Такой сценарий не слишком вязался с той женщиной, которую он знал, но и ее предательство тоже выбивалось из образа. Маркус выругался сквозь зубы, что бывало с ним лишь в минуты сильнейших разочарований.
Он работал с Ронни три года, до того как они стали любовниками. Все это время она казалась безупречно честной и почти фанатично преданной делу. Он готов был поставить на карту собственную жизнь, если бы кому-то вздумалось это оспаривать.
Но, напомнил себе Маркус, если бы такой спор состоялся, он бы уже не жил на этом свете.
Оказалось, что эта ее врожденная цельность была лишь притворством. Кто знает, сколько еще сведений она успела продать, до того как ей подвалила эта крупная рыба – сделка с Харрисоном?
Выбравшись из машины, Маркус заметил, что на стоянку подъехала синяя малолитражка. Устаревшая модель, из тех, что слывет надежной при очевидной дешевизне. Он узнал водителя не сразу, а лишь через несколько секунд. Какого черта она сидит за рулем этой жестянки? Эта машина была даже старше той, «вольво».
Она припарковала автомобиль рядом с его «ягуаром» и вышла.
Вероника переоделась – теперь на ней были облегающие песочные джинсы и свободная блуза цвета карамели. Она заперла машину, повернулась, и волосы ее вспорхнули, хлестнув ее по бледным щекам. Руки у него так и тянулись пригладить шелковистые пряди.
Маркус сдержал порыв, строго напомнив себе, что явился сюда по делу.
– Только не говори мне, что у тебя уже кончились все деньги, что ты получила от Харрисона.
Она вскинула голову. Зрачки ее потемнели, выдавая смущение.
– Простите?
– Может, Харрисон и знает счет деньгам, но я никогда не поверю, что тех денег, что он тебе заплатил, не хватило на то, чтобы сменить «вольво» на что-то более приличное. – Он сопроводил эти слова резким и явно пренебрежительным движением кисти в сторону ее машины.
Она словно надела маску.
– Меня устраивает моя машина. Она надежная.
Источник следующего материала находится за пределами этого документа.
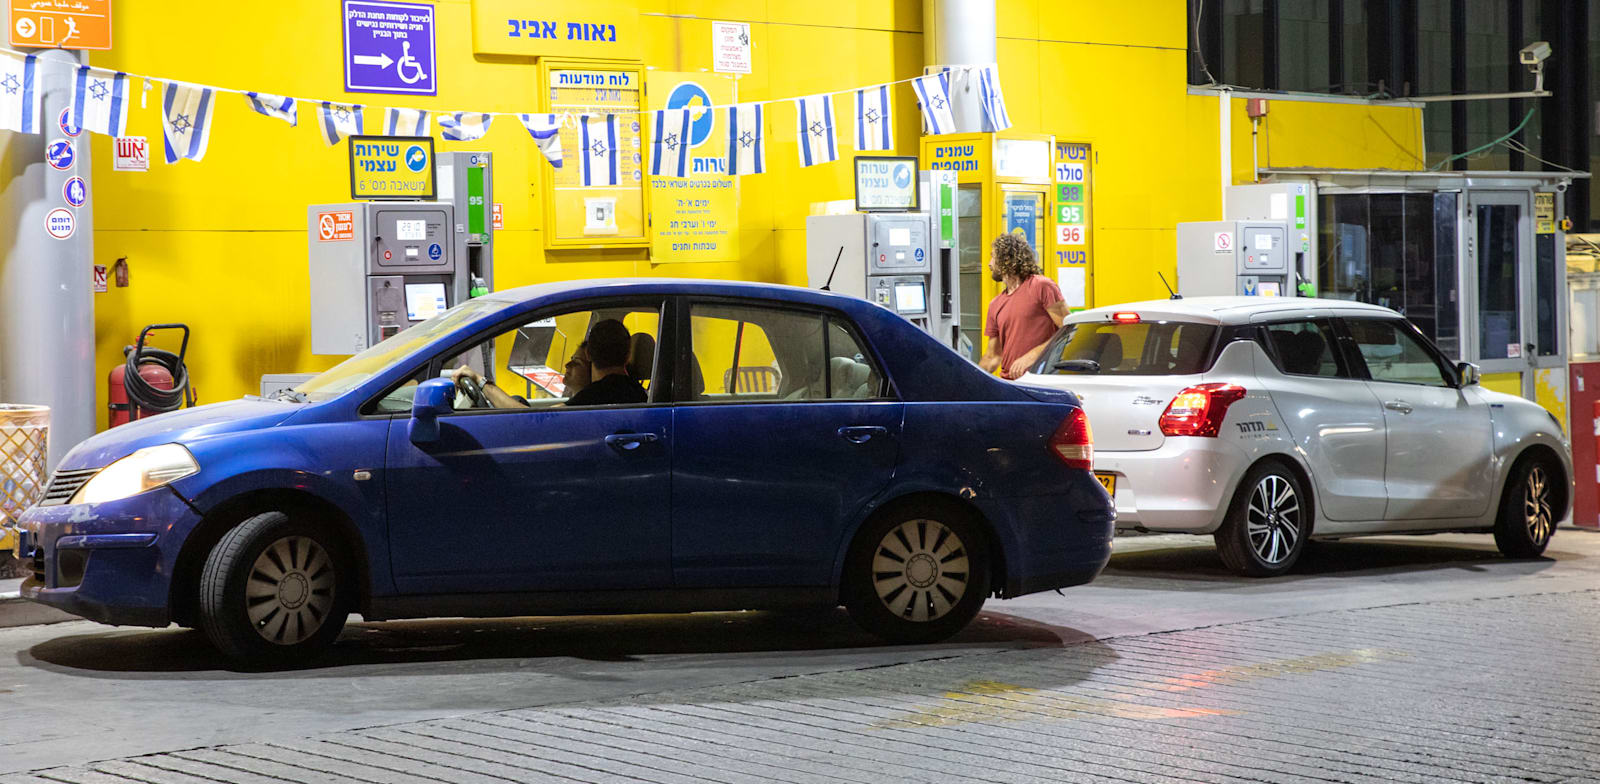 מכוניות ממלאות דלק. נטל המס על הנהגים בישראל שובר שיאים / צילום: כדיה לוי
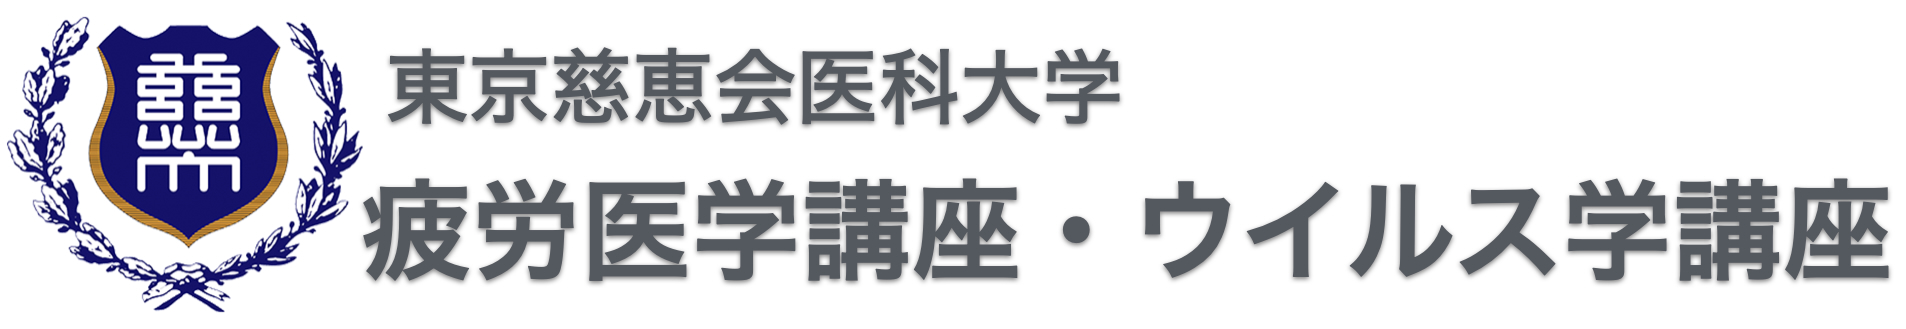 Logo for 東京慈恵会医科大学ウイルス学講座

– То же можно сказать и о «мерседесе». Так почему у тебя не «мерседес»?
Он увидел, как напряглись ее плечи, но отвечать она не стала.
– Ты готов идти ужинать? – спросила она.
Она решила, что может игнорировать его вопросы? Размечталась!
Маркус стремительно выпростал руку и схватил ее за предплечье:
– Скажи мне, почему ты ездишь на этой колымаге, моя сладкая?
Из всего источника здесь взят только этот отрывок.